DATA FOR THIS TASK:
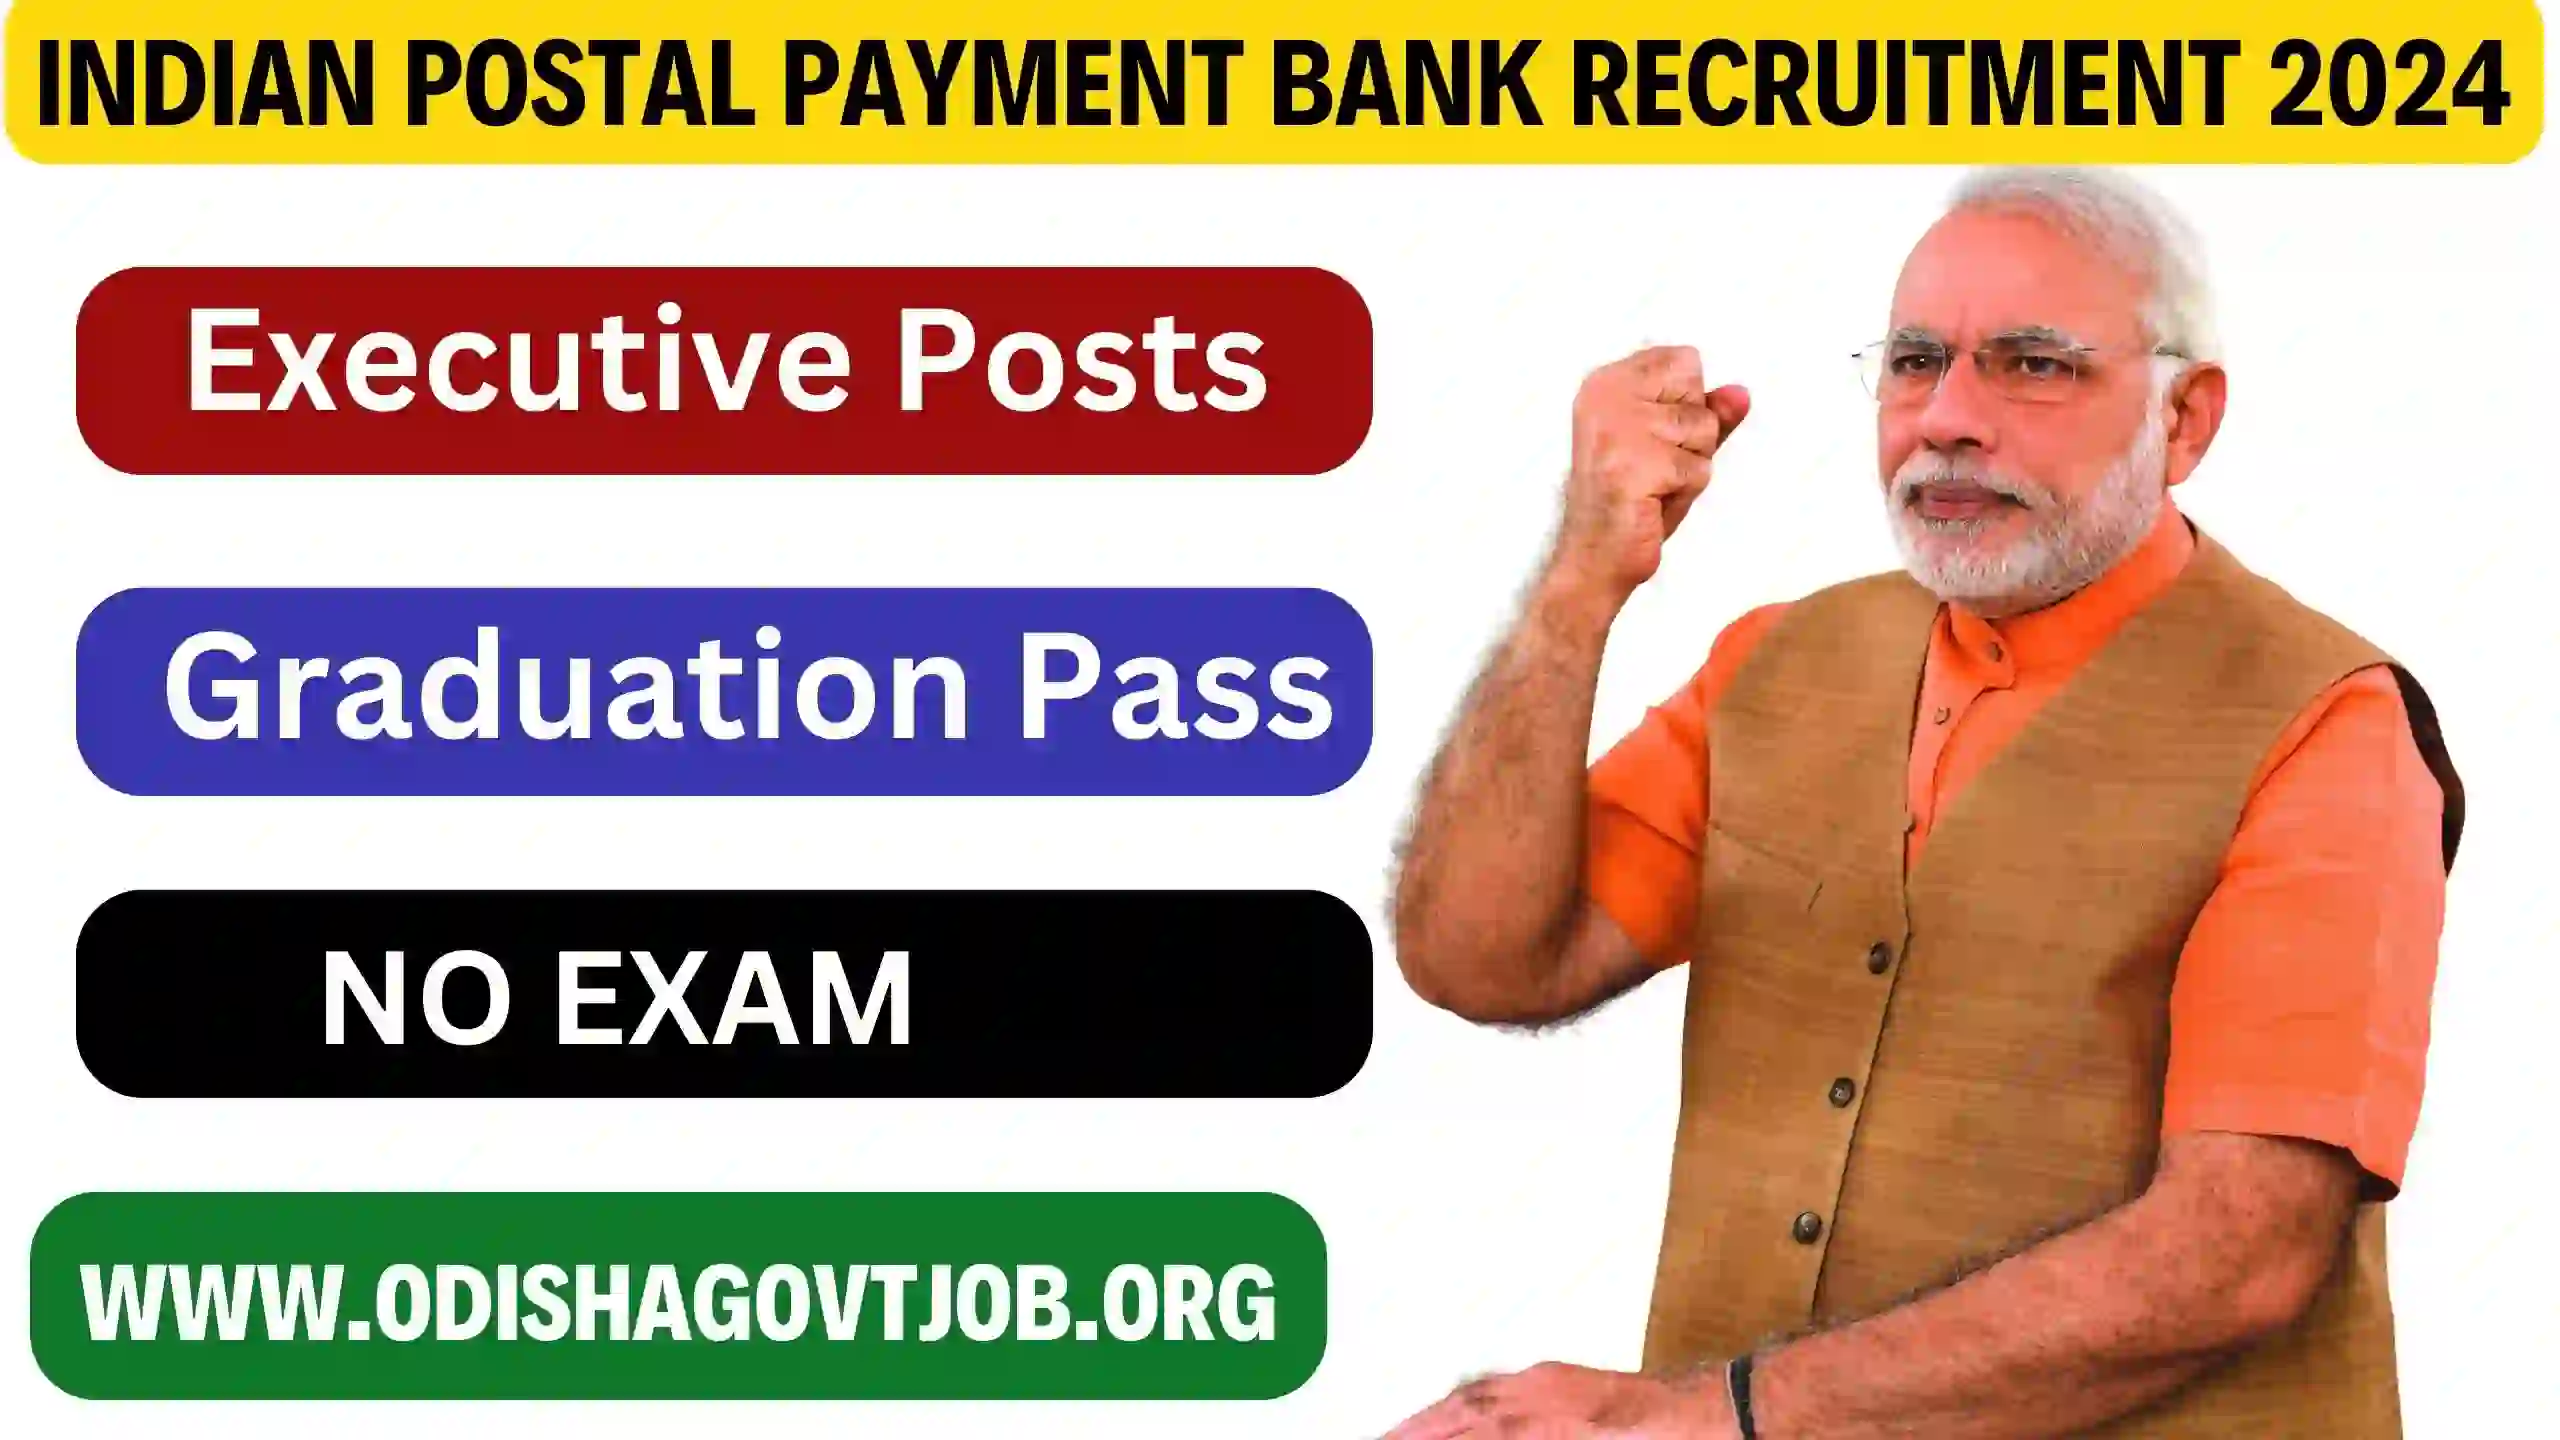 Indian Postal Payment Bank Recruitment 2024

==

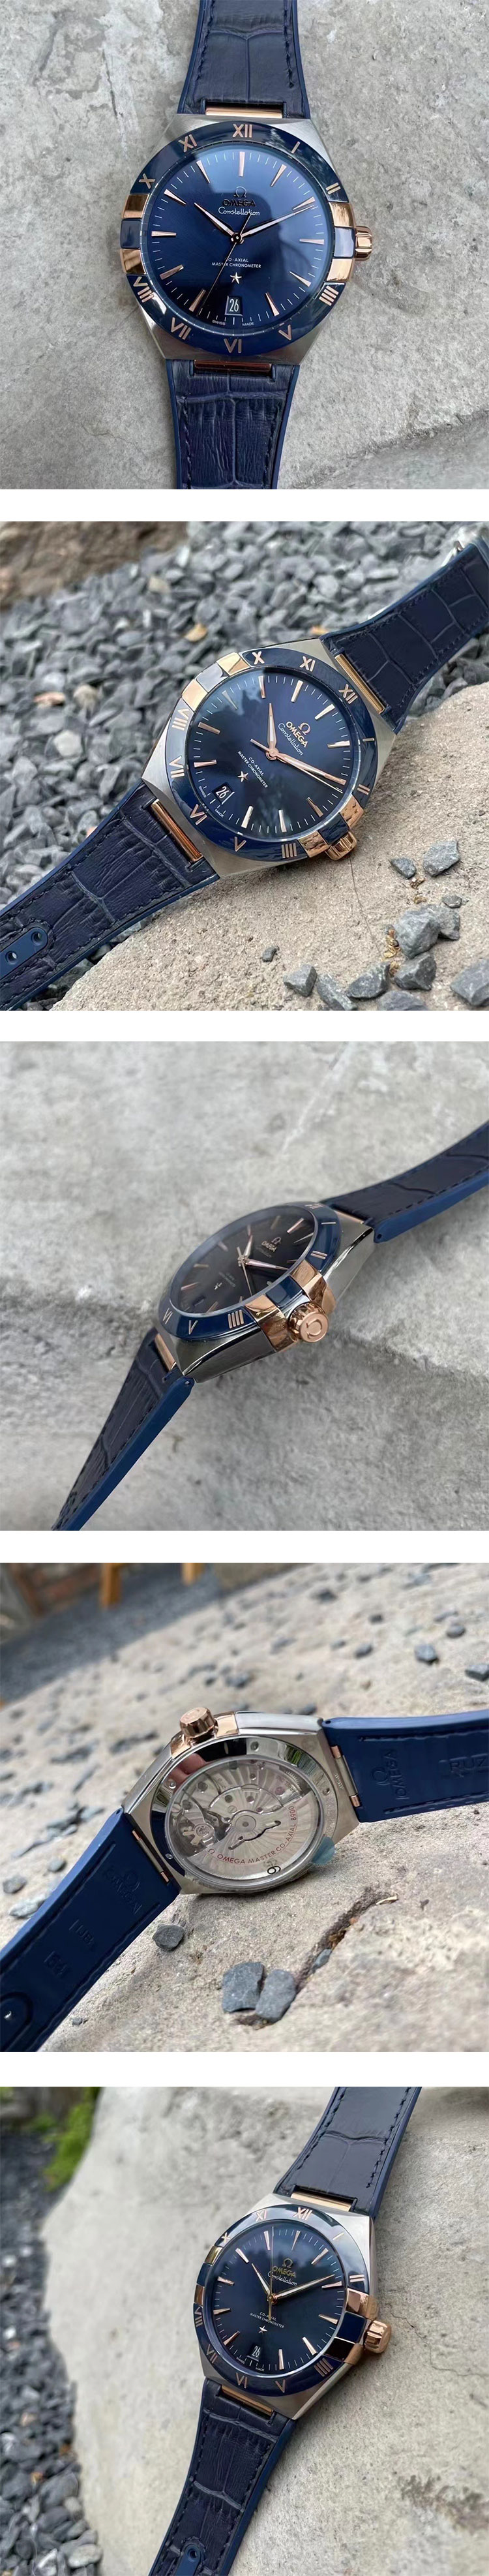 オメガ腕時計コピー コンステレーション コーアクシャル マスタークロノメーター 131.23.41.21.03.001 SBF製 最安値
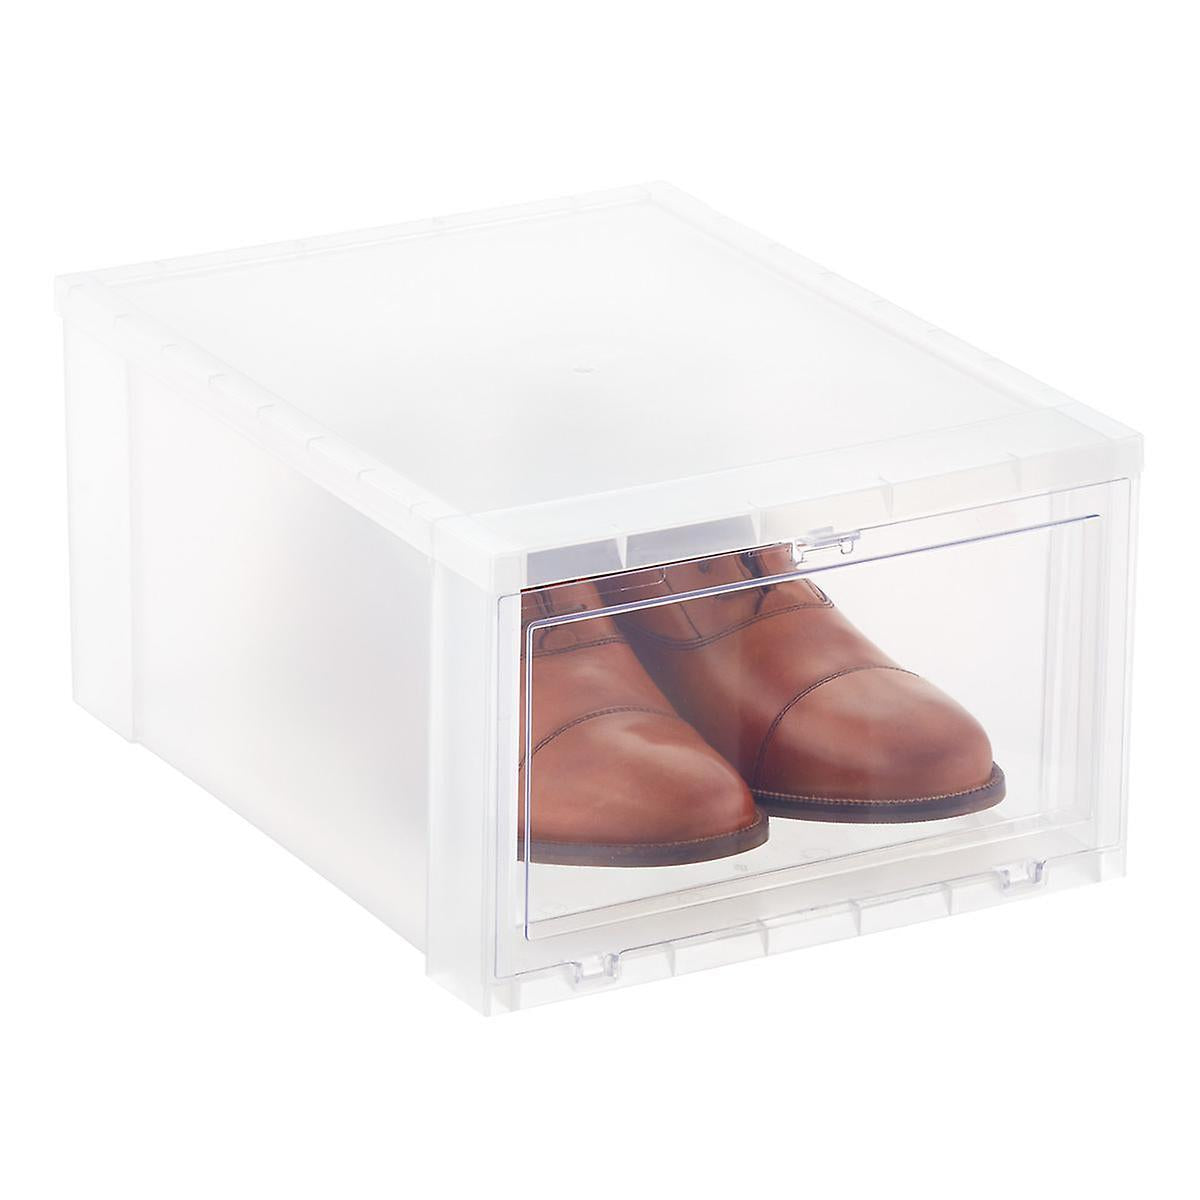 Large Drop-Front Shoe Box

BRIEF:
Would you copy the lines above exactly, starting with the one that has "オメガ腕時計コピー コンステレーション コーアクシャル" and ending with the one that has "Large Drop-Front Shoe Box", both included, without the pictures?

YOUR SOLUTION:
 オメガ腕時計コピー コンステレーション コーアクシャル マスタークロノメーター 131.23.41.21.03.001 SBF製 最安値
 Large Drop-Front Shoe Box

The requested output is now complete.